La dilatation urétrale traite la sténose urétrale, dans laquelle la rétention est causée par une obstruction ou une sténose de l’urètre. Elle consiste à insérer des sondes de diamètre croissant dans l’urètre pour élargir la sténose. Une autre méthode de dilatation consiste à gonfler un petit ballonnet à l’extrémité d’une sonde à l’intérieur de l’urètre. La dilatation urétrale s’effectue lors d’une consultation chez un professionnel de santé, dans un centre de consultation externe ou à l’hôpital. Une anesthésie locale est nécessaire. Dans certains cas, une sédation et une anesthésie locorégionale peuvent être utilisées.

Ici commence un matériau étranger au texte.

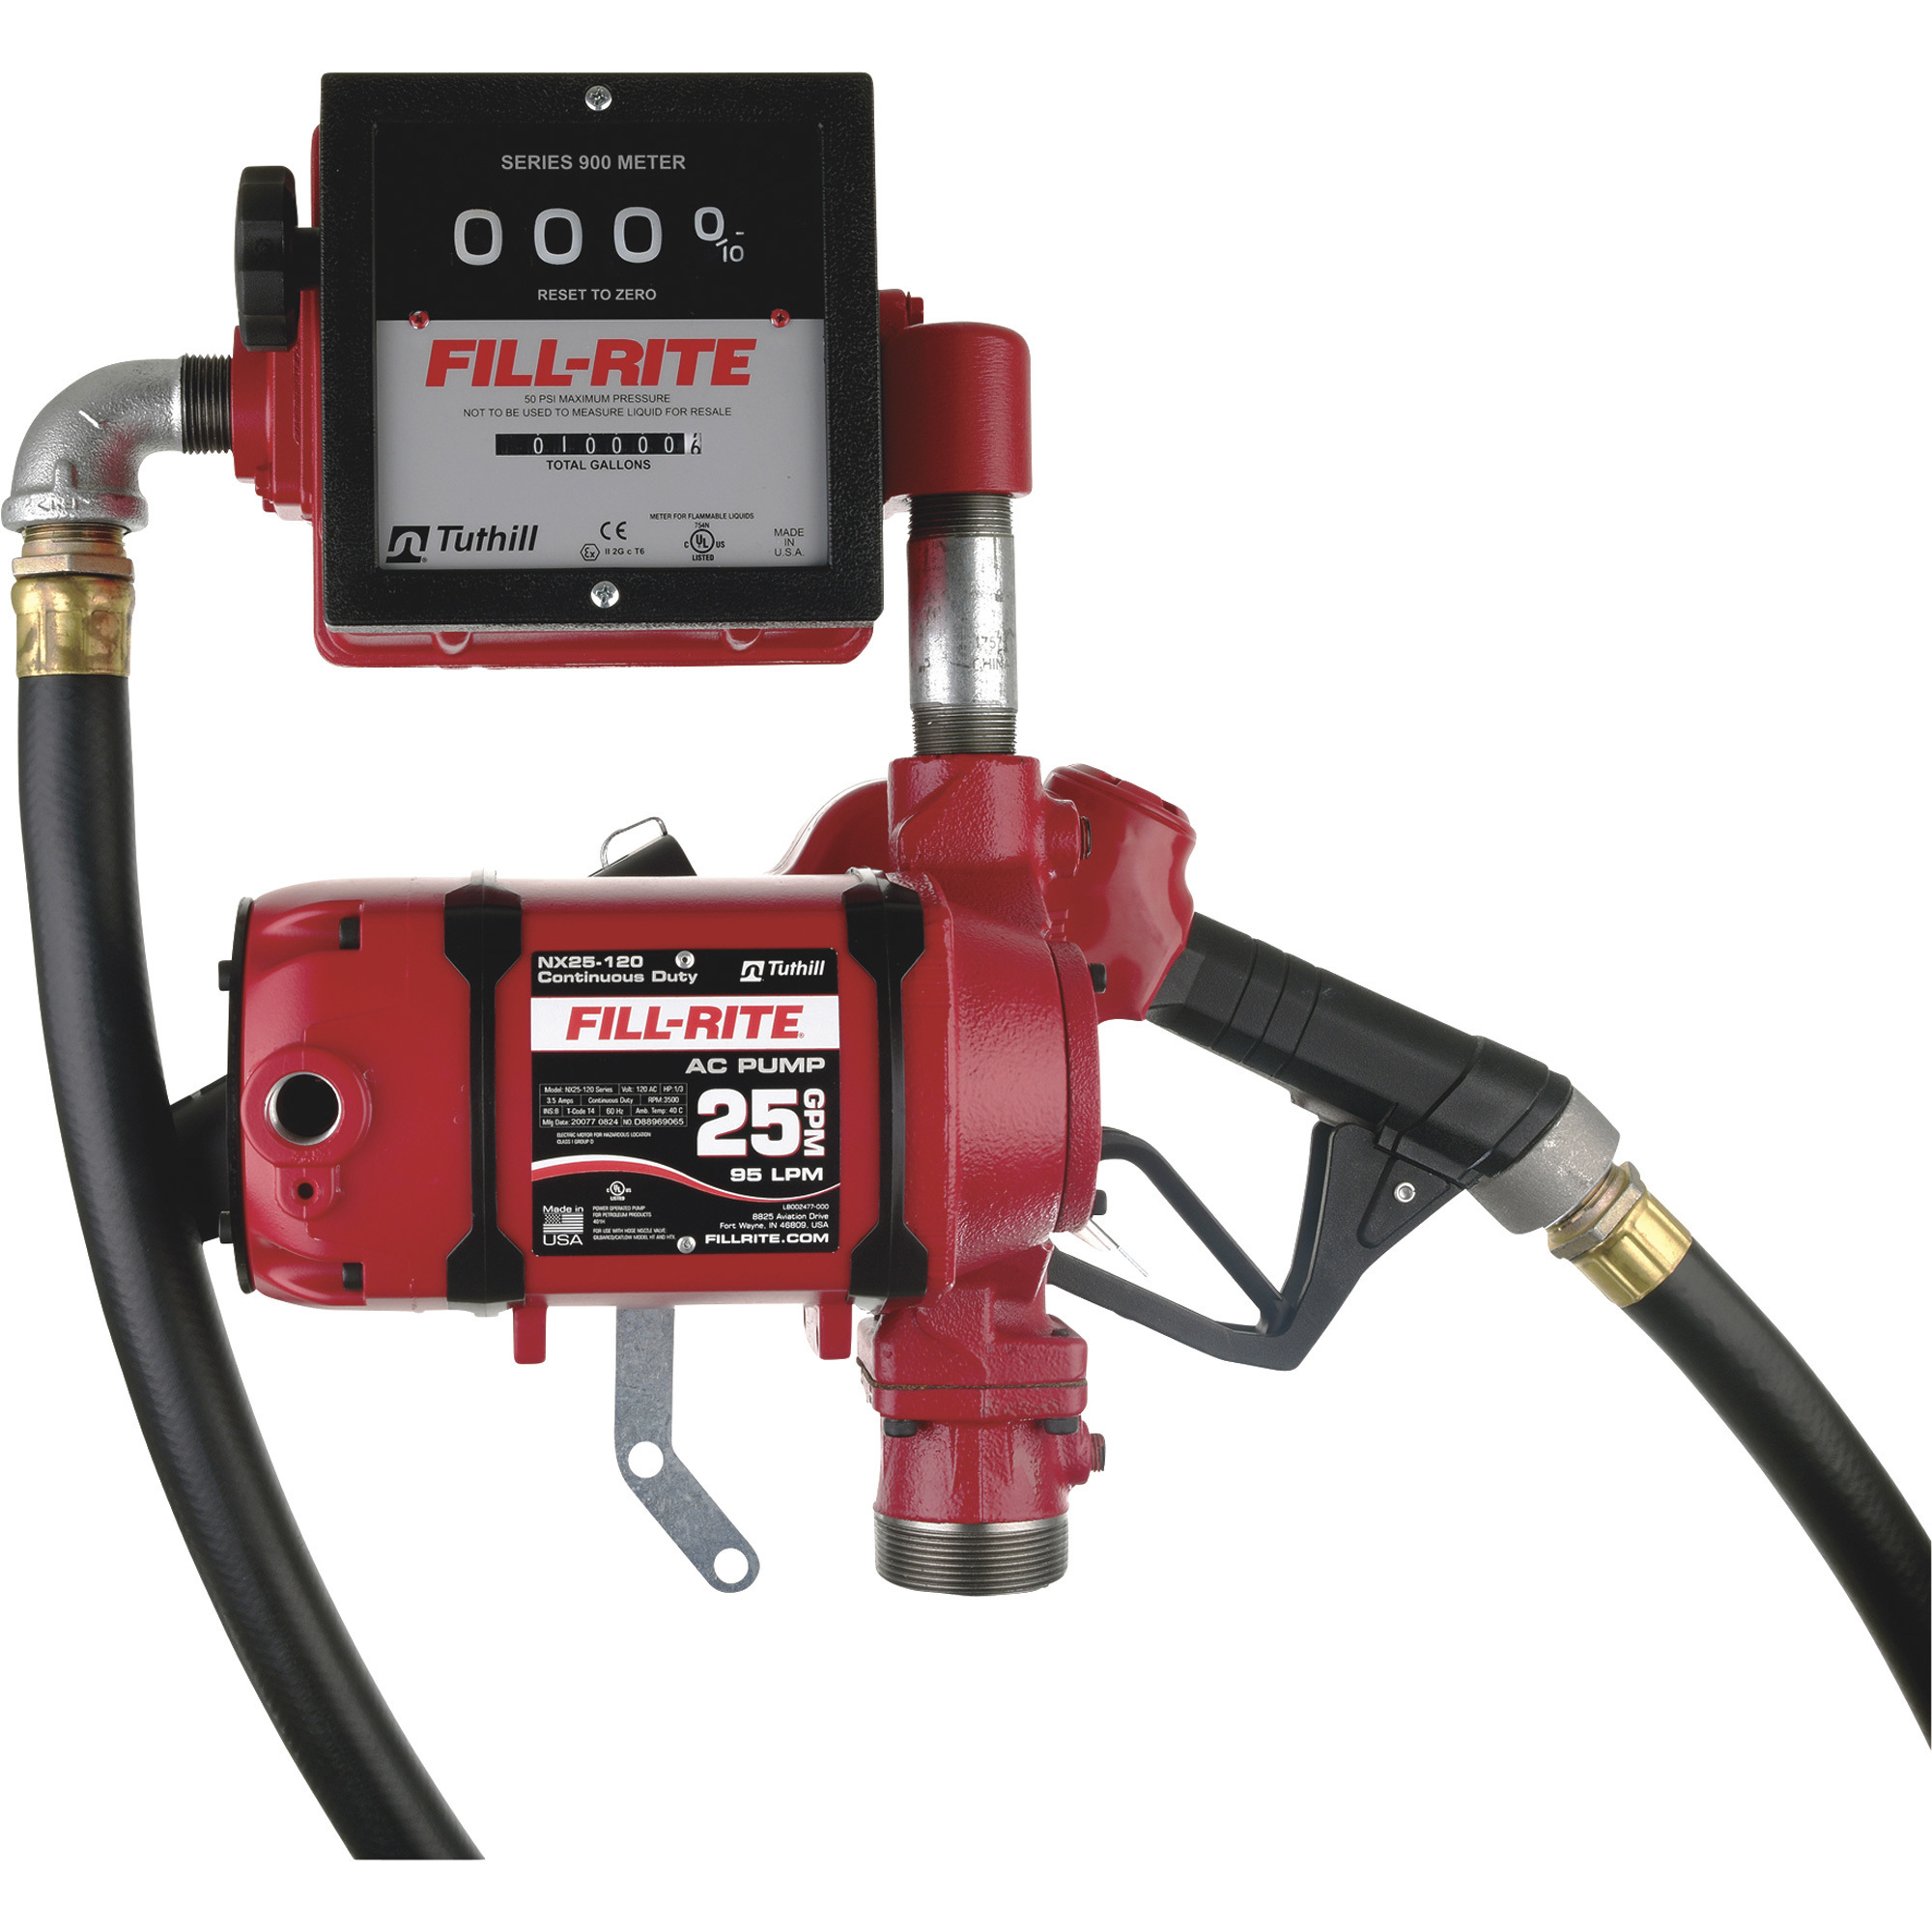 Fill-Rite 120V AC Ultra-High-Flow Fuel Transfer Pump with Automatic Nozzle and Hose â 25 GPM, Model NX25-120NB-AJ

Une autodilatation urétrale intermittente est souvent recommandée pour réduire le risque de rétrécissement récurrent de l’urètre. Elle consiste à faire passer une sonde lubrifiée dans l’urètre pour étirer la zone concernée et éviter qu’elle ne se rétrécisse à nouveau.

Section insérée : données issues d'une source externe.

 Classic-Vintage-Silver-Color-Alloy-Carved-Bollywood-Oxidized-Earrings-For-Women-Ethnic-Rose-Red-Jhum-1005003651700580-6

Les personnes doivent suivre un traitement semblable à celui-ci :
Dilater comme indiqué une fois par jour pendant deux semaines, puis dilater un jour sur deux pendant deux semaines, puis continuer à dilater une fois par semaine sauf indication contraire.

Stents urétraux

Un autre traitement de la sténose urétrale consiste à insérer un tube artificiel, appelé stent, dans l’urètre jusqu’à la zone de la sténose. Une fois en place, le stent se dilate comme un ressort et repousse les tissus environnants, élargissant ainsi l’urètre. Les stents peuvent être placés de manière temporaire ou permanente.

 

Traitements médicamenteux

Les médicaments utilisés pour traiter la rétention urinaire sont destinés au traitement de l’hypertrophie de la prostate. Ces médicaments ralentissent la croissance de la prostate ou la rétrécissent, ou encore soulagent les symptômes de rétention urinaire associés à l’hyperplasie bénigne de la prostate (HBP) par relâchement du muscle du col vésical.

Chirurgie

  • Chirurgie de la prostate (hommes uniquement)
    Pour traiter la rétention urinaire causée par l’hyperplasie bénigne de la prostate, la prostate peut être détruite par chirurgie ou le tissu prostatique hypertrophié peut être retiré par une méthode transurétrale, l’intervention chirurgicale la plus courante étant la résection transurétrale de la prostate (TURP).
  • Urétrotomie interne
    Pour réparer une sténose urétrale, une sonde spéciale est insérée dans l’urètre jusqu’à ce qu’elle atteigne la sténose. L’urologue utilise ensuite un couteau (urétrotome) ou un laser pour faire une incision qui ouvre la sténose.
  • Réparation de la cystocèle ou de la rectocèle
    Ce traitement est plus fréquent chez les femmes et implique une intervention chirurgicale pour relever la vessie ou le rectum prolabé dans sa position normale, libérant ainsi toute obstruction et causant la vidange de la vessie.
  • Chirurgie des tumeurs et des cancers
    L’ablation de tumeurs et de tissus cancéreux dans la vessie ou l’urètre peut réduire l’obstruction urétrale et la rétention urinaire.